Poems and Chronicles
Old English literature was written in Anglo-Saxon (old English) from the second half of 5th century to time of the Norman conquest in 1066. It includes different genres: epic poetry, chronicles, riddles, translation of Bible from Latin, stories about the lives of saints and sermons. The most important are the epic poem Beowulf, the Angle-Saxon Chronicle and poem Caedmon’s Hymn from 7th century. There are two types of Old English poetry: the heroic pre-Christian and Christian.
Old English poetry was oral and anonymous. The poets were called scop, he entertained the noblemen in halls (often accompanied by a harp). They are important to shape a common cultural identity. The poetry is divided into two complementary modes: epic and elegiac.
originally the Anglo-Saxon poetry was oral and based on memorization (from mouth to mouth) until in the 11th century it was written by the church clerks who fixed its form.
the most important formal aspects of Anglo-Saxon poetry were stress and alliteration, that is the repetition of the same initial consonant sound. Each line was divided into two halves by a break or caesura and had 4 stresses.
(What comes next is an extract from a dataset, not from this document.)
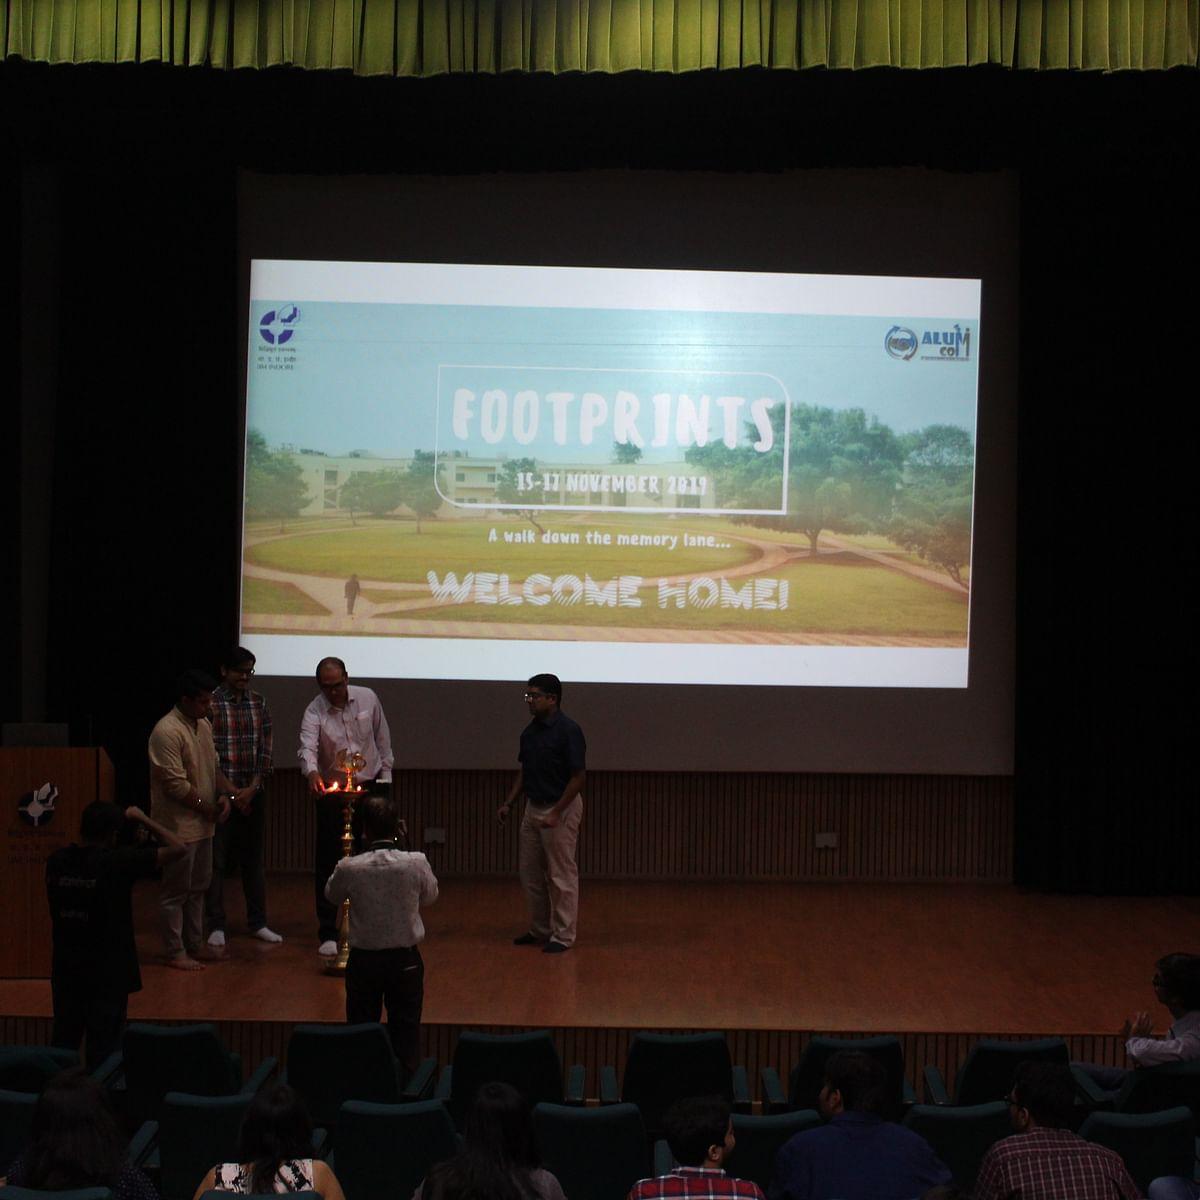 Indore: IIM-I Footprints 2019 inaugurated

One peculiarity of Anglo-Saxon literature is the riddle, a linguistic guessing game. They are generally in the first person.
Old english prose
old English prose first appeared from the 9th century to 12th century. Prose was written in Latin before the reign of King Alfred, who decided to translate many books from Latin into Old English. The Anglo-Saxon chronicle was probably started in the time of king Alfred. Old English literature survived the Norman conquest of 1066 to 14th century, but when the monasteries were destroyed (during Reformation), the manuscripts were sent to the antiquarians and scholars.